Les saucissons quittèrent Mordheim avec des informations très claires de la part de Helbert Schutz, chef des espions de la comtesse Kreiglitz-Untern. C'est donc en suivant ses instructions qu'ils prirent la route du sud, afin de rallier le petit village de Lieske, qui leur fournit un petit esquif pour voguer le long de la rivière Egger. Rejoignant un peu plus bas le Stir, ils purent remonter la fleuve vers l'est afin de rejoindre Mordheim sans rencontrer trop de difficultés, sinon la vulgarité de quelques autres mercenaires fortement alcoolisés prenant la même route qu'eux pour rallier le même objectif. C'est à Bissendorf, petite bourgade au nord de la cité des damnés, qu'ils descendirent de leur navire afin de rencontrer leur informateur local, un dénommé Eckhard Hoelder, aux ordres de Helbert Schutz.
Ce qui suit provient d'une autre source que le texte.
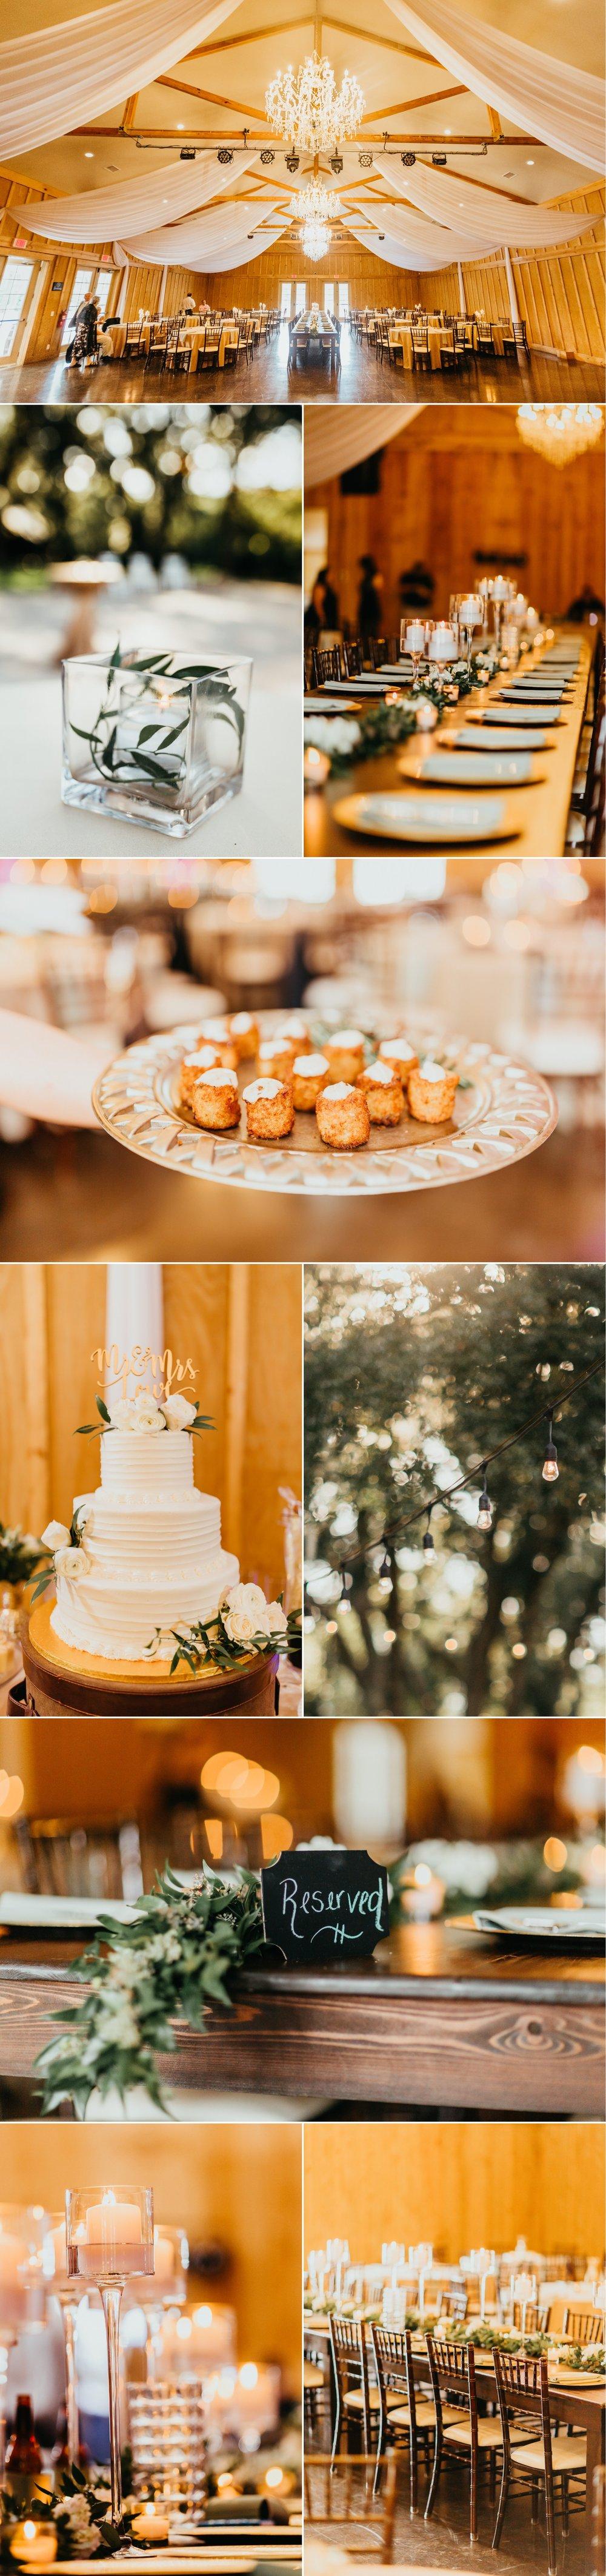 Bowing Oaks chic greenery farmhouse wedding reception decor

Après leur avoir dépeint la situaton infernale dans laquelle se trouvait une ville qui attirait désormais toutes les convoitises d'individus peu scrupuleux de toutes les races et toutes les classes, il leur indiqua comment entrer dans la cité sans danger : le réseau d'égouts de la cité qui se jetait dans la Stir n'était que très peu employé par les pillards et mercenaires en tout genres qui se groupaient et s'entretuaient plutôt aux portes de la ville.
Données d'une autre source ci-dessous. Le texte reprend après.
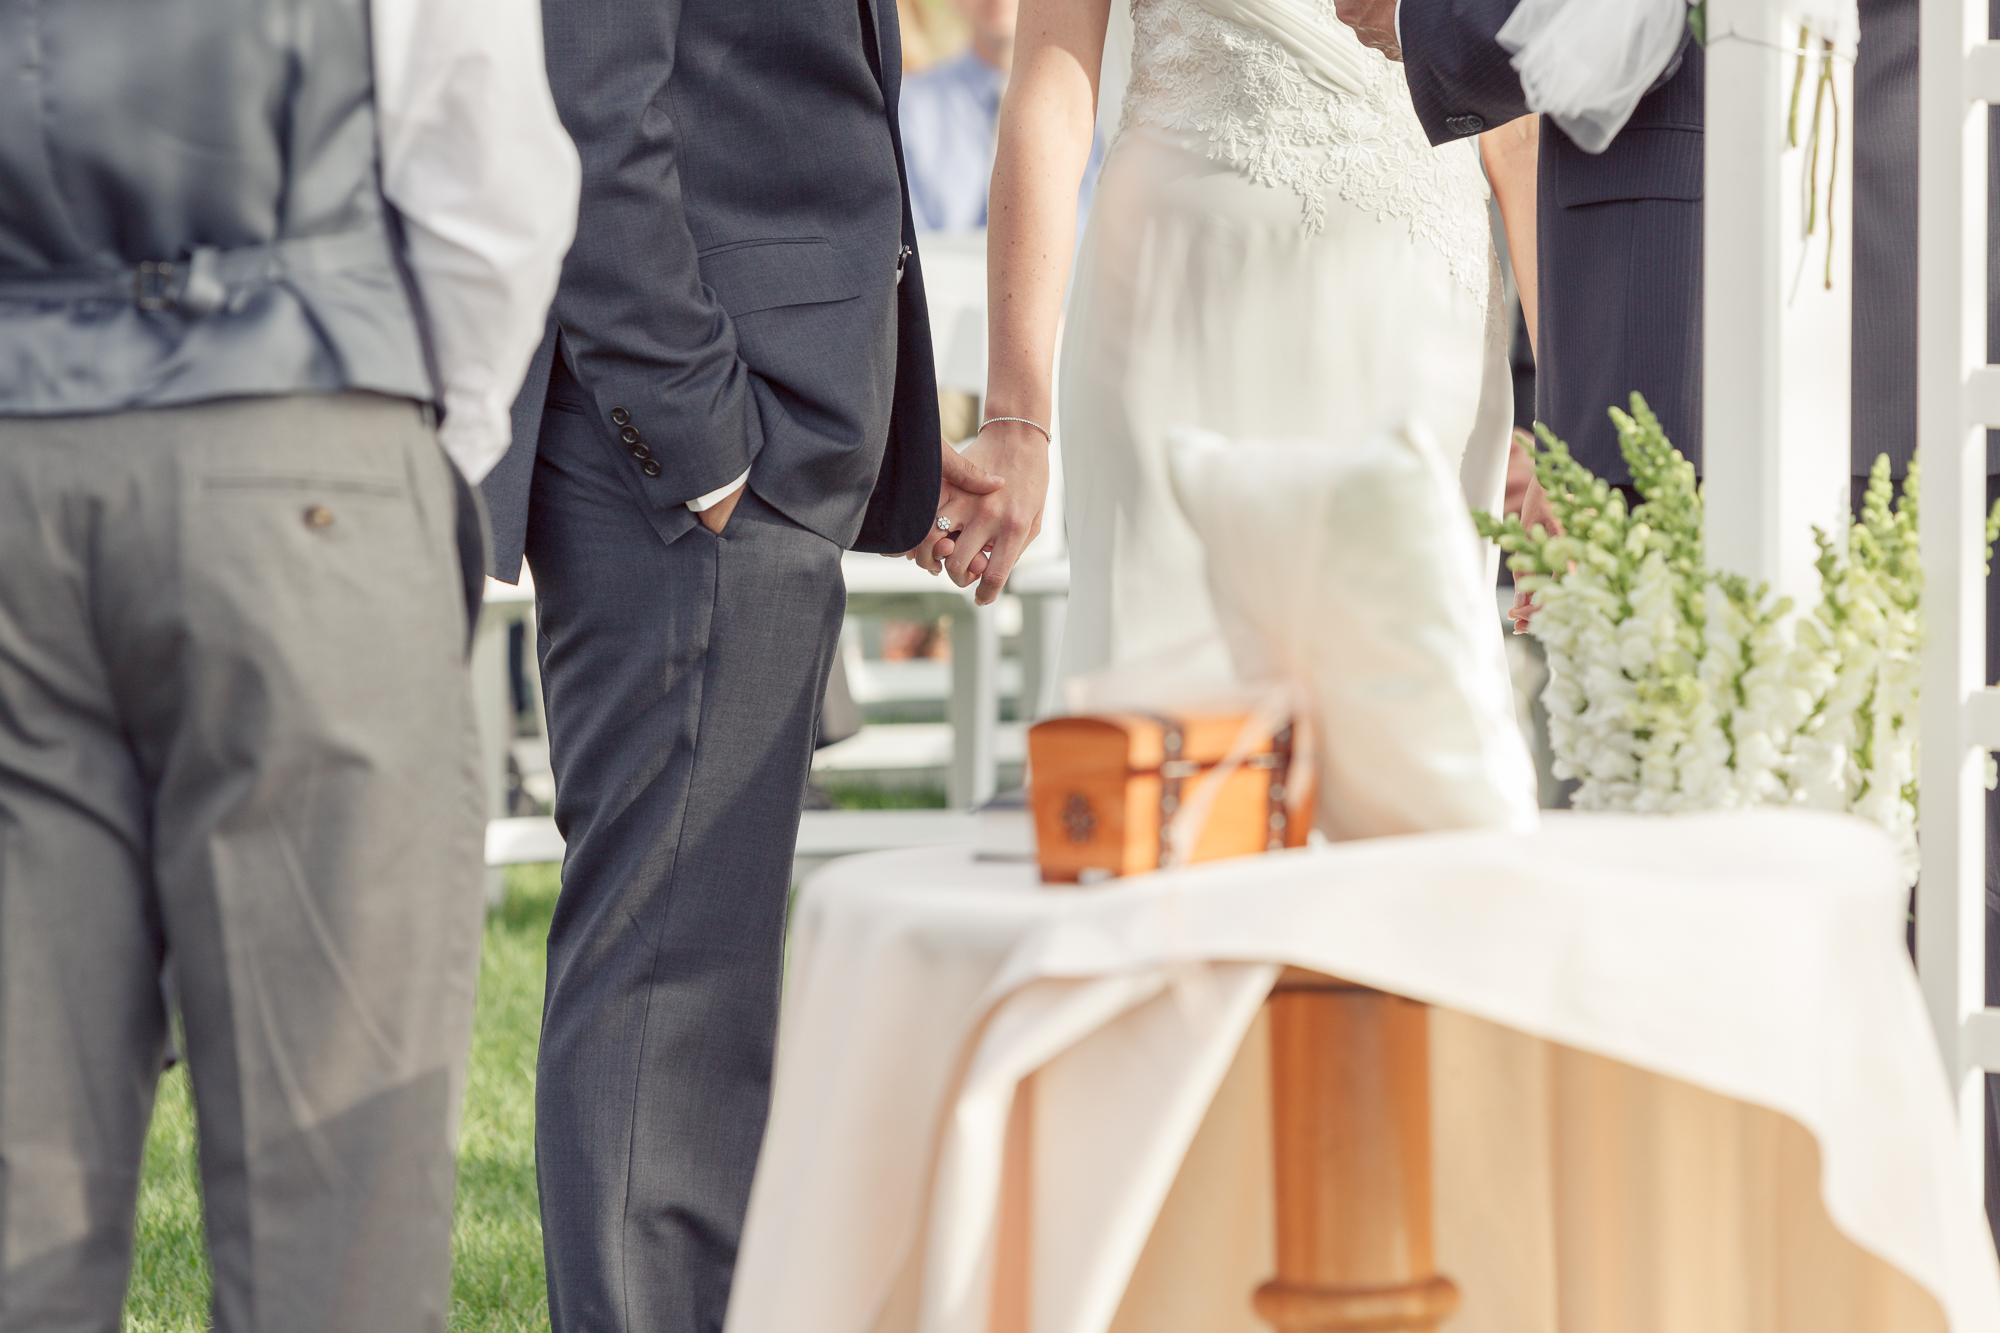 scranton-wedding-photography-zak-zavada-poconos--mattRachel-027.jpg

De Bissendorf à Mordheim, la route ne prit qu'une demi-journée mais fut particulièrement éprouvante, la faute aux rencontres que l'on faisait à répétition le long de la sinistre route longeant la Hundsheimerwald. Entre le groupe d'hommes-bêtes sorti de la forêt pour les attaquer, les cinglés revenant de la cité des damnés qui hurlaient être devenus riches en montrant un trésor imaginaire dans leurs mains, ou les groupes de désespérés qui erraient en pleurant, tentant vainement de cacher leurs difformités mutantes sous des haillons recouverts de poussière et de sang, l'ambiance ne présageait rien de bon.
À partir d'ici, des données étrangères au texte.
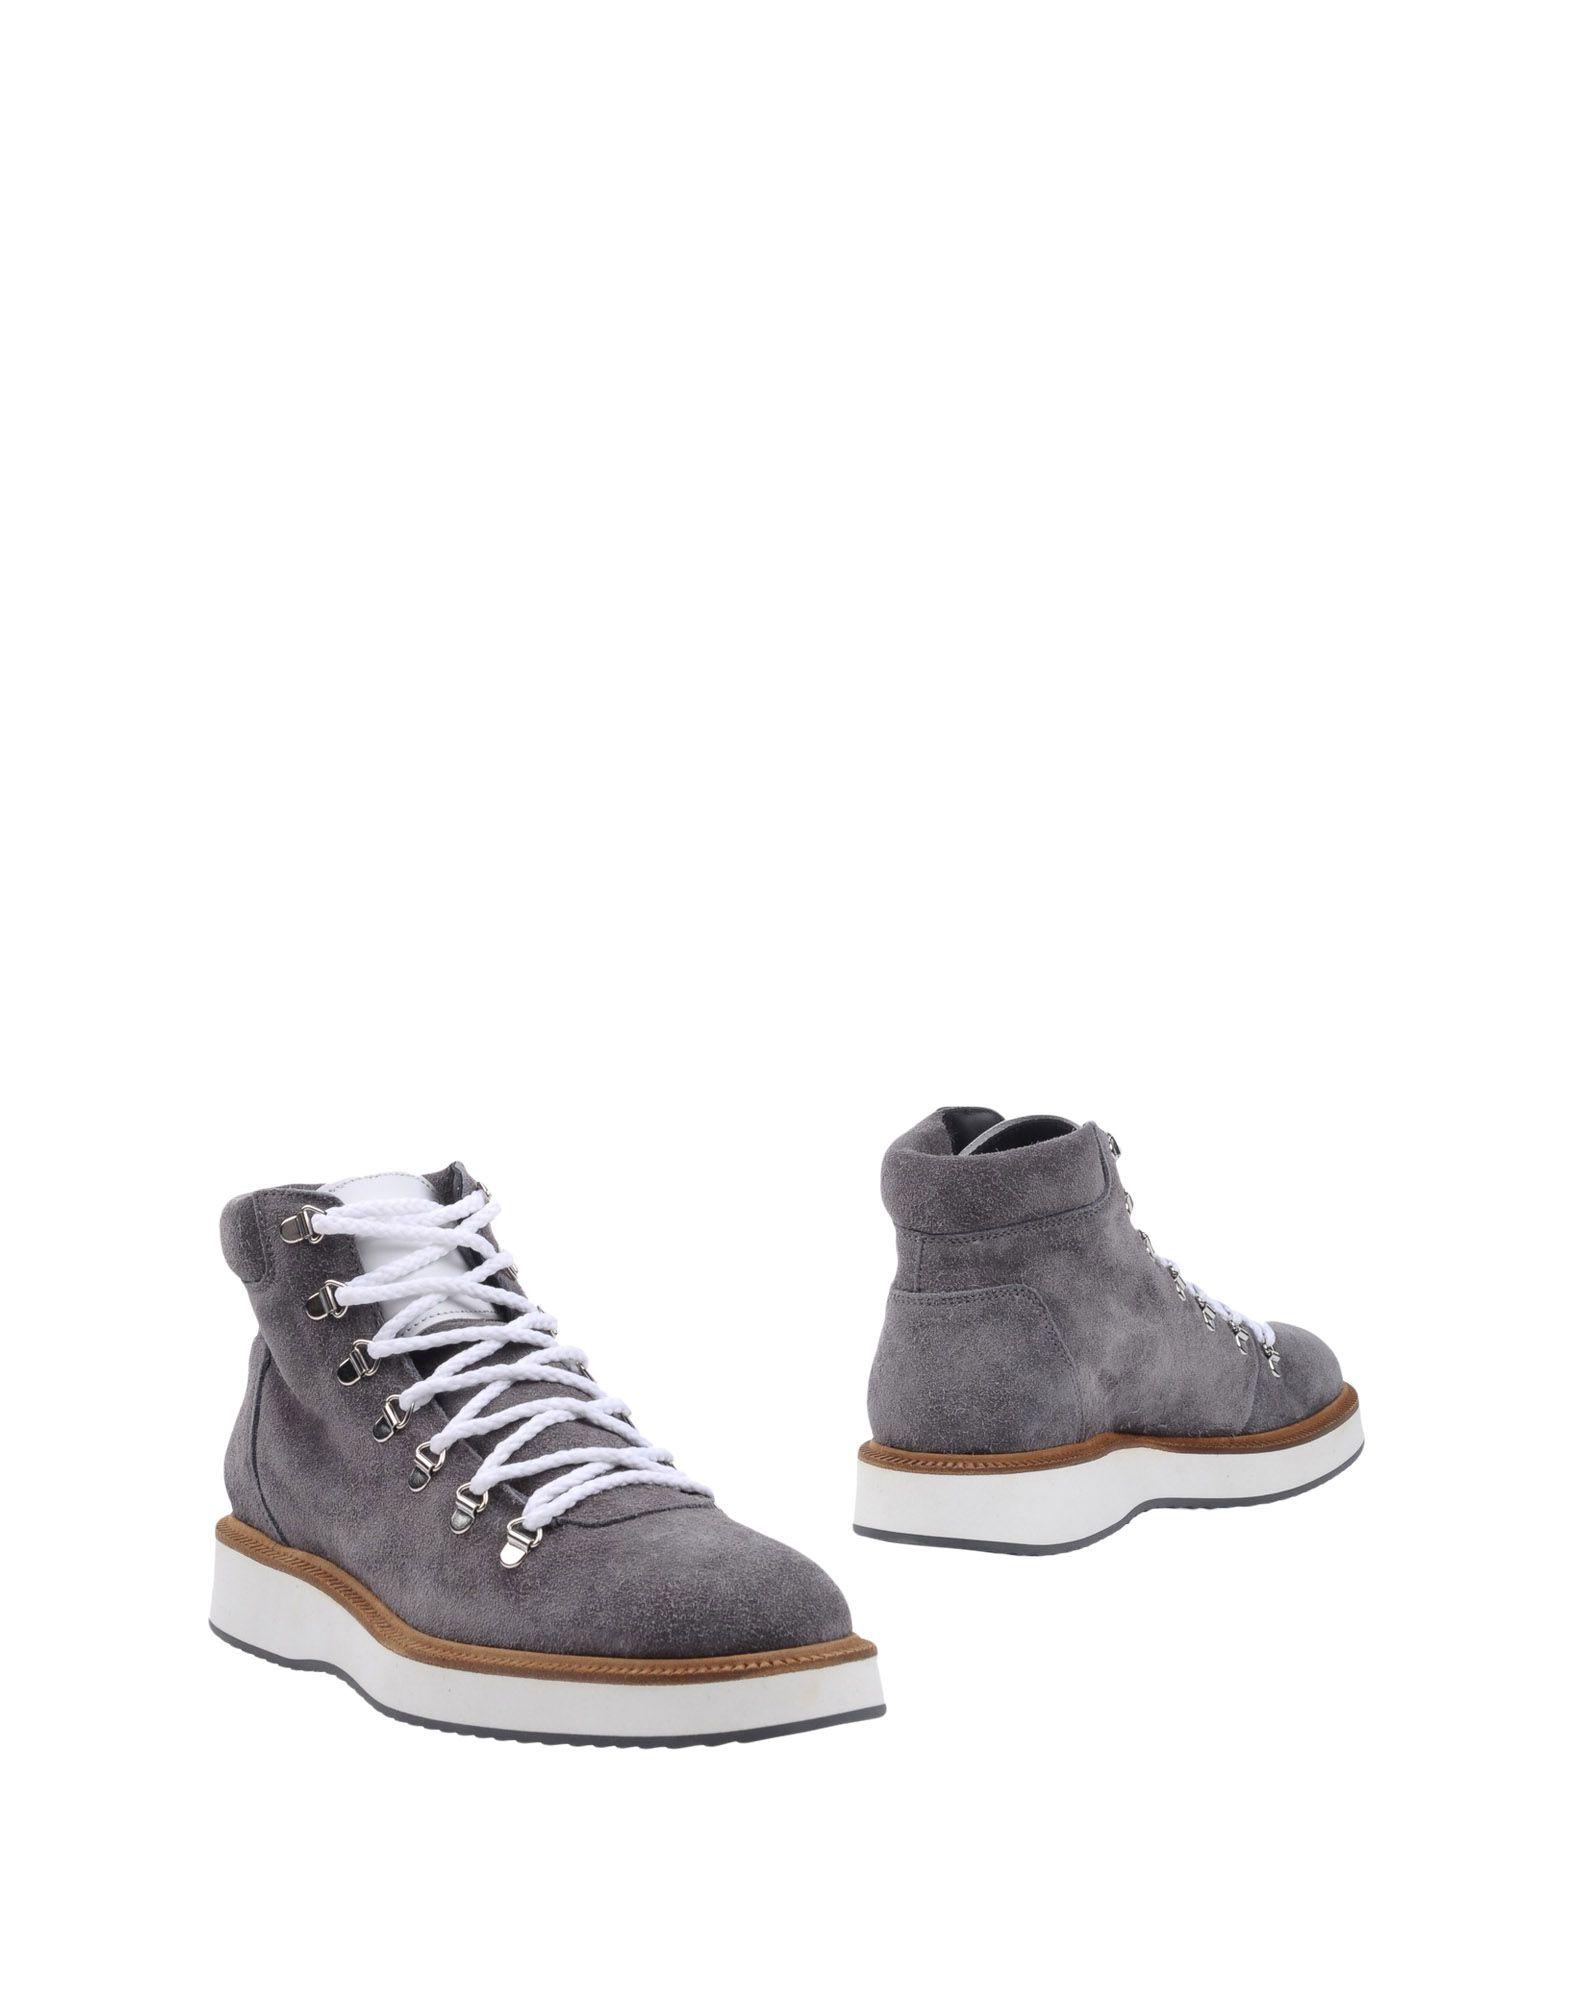 HOGAN Полусапоги и высокие ботинки 2225066030 high quality maf 22250 66030 mass air flow sensor for toyota 22250 66030 22250 66010

Et rien de bon, ce fut en effet ce qui les attendit dans les égouts. Car alors qu'ils suivaient l’itinéraire conseillé par Eckhard Hoelder sous la cité de Mordheim, traversant des portions d'égouts mais aussi des galeries de tunnels creusés à même la terre par des griffes dont on ne voulait pas connaitre les propriétaires, ils atterrirent tout droit dans une embuscade. Nul ennemi pour les attendre, seulement deux grilles de fer se refermant devant et derrière eux, puis un gaz sortant d'une multitude de trous dans le mur qui envahit la galerie où ils se trouvaient, les faisant tomber dans l'inconscience en quelques secondes.
Lorsqu'ils se réveillèrent, la situation ne semblait guère à leur avantage. Ils étaient toujours dans des galeries souterraines, dans lesquelles avaient été creusées plusieurs cavités dans la terre rocheuse, chacune condamnée par des des barreaux de fer rouillé dont l'unique ouverture se composait d'une grille ouvrante bloquée par une chaine et un verrou. Il y avait quatre cavités/prisons : l'une était occupée par Taille et Daine, la seconde par Karil et Ludwig, la troisième par deux hommes en aussi mauvaise posture qu'eux, tandis que la quatrième était inoccupée.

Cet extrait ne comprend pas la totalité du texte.